String s1 = "Hello";
String s2 = new StringBuffer("He").append("llo").toString();
String s3 = s2.intern();
// Determine which strings are equivalent using the ==
// operator
System.out.println("s1 == s2? " + (s1 == s2));
System.out.println("s1 == s3? " + (s1 == s3));
}
}
The output is
s1 == s2? false
s1 == s3? true
There is a table always maintaining a single reference
to each unique String object in the global string literal pool ever
created by an instance of the runtime in order to optimize space. That
means that they always have a reference to String objects in string
literal pool, therefore, the string objects in the string literal pool
not eligible for garbage collection.
String Literals in the Java Language Specification Third Edition
Each string literal is a reference to an instance of class String.
String objects have a constant value.
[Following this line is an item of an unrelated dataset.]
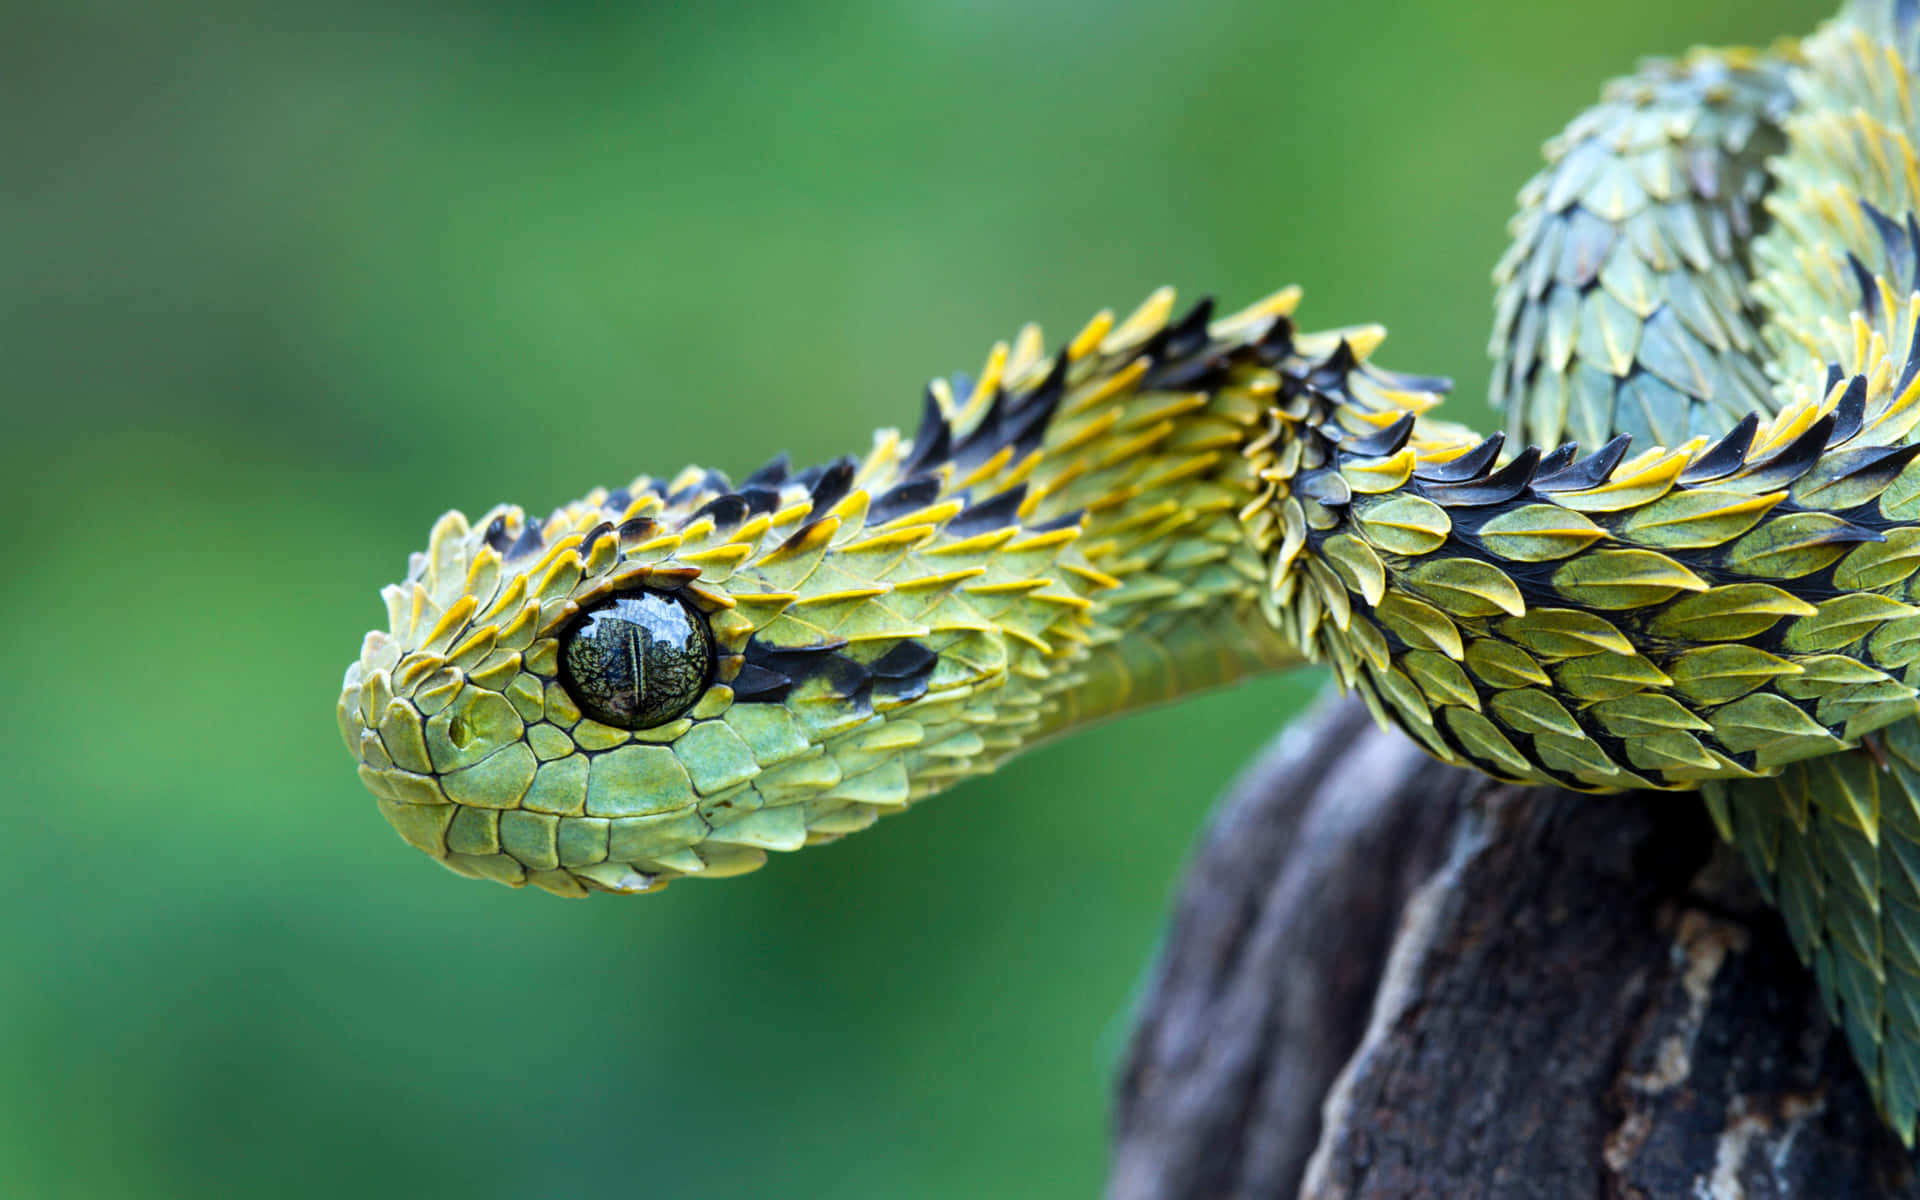 A Slithering Snake

String literals-or, more
generally, strings that are the values of constant expressions-are
"interned" so as to share unique instances, using the method String.intern.
Thus, the test program consisting of the compilation unit:
package testPackage;
class Test {
public static void main(String[] args) {
String hello = "Hello", lo = "lo";
System.out.print((hello == "Hello") + " ");
System.out.print((Other.hello == hello) + " ");
System.out.print((other.Other.hello == hello) + " ");
System.out.print((hello == ("Hel"+"lo")) + " ");
System.out.print((hello == ("Hel"+lo)) + " ");
System.out.println(hello == ("Hel"+lo).intern());
}
}
class Other { static String hello = "Hello"; }
and the compilation unit:
package other;
public class Other { static String hello = "Hello"; }
produces the output:
true true true true false true
This example illustrates six points:
- Literal strings within the same class in the same
package represent references to the same String object.
- Literal strings within different classes in the same
package represent references to the same String object.
- Literal strings within different classes in different
packages likewise represent references to the same String object.
- Strings computed by constant expressions are computed
at compile time and then treated as if they were literals.
- Strings computed by concatenation at run time are newly
created and therefore distinct.
The result of explicitly interning a computed string is the same
string as any pre-existing literal string with the same contents.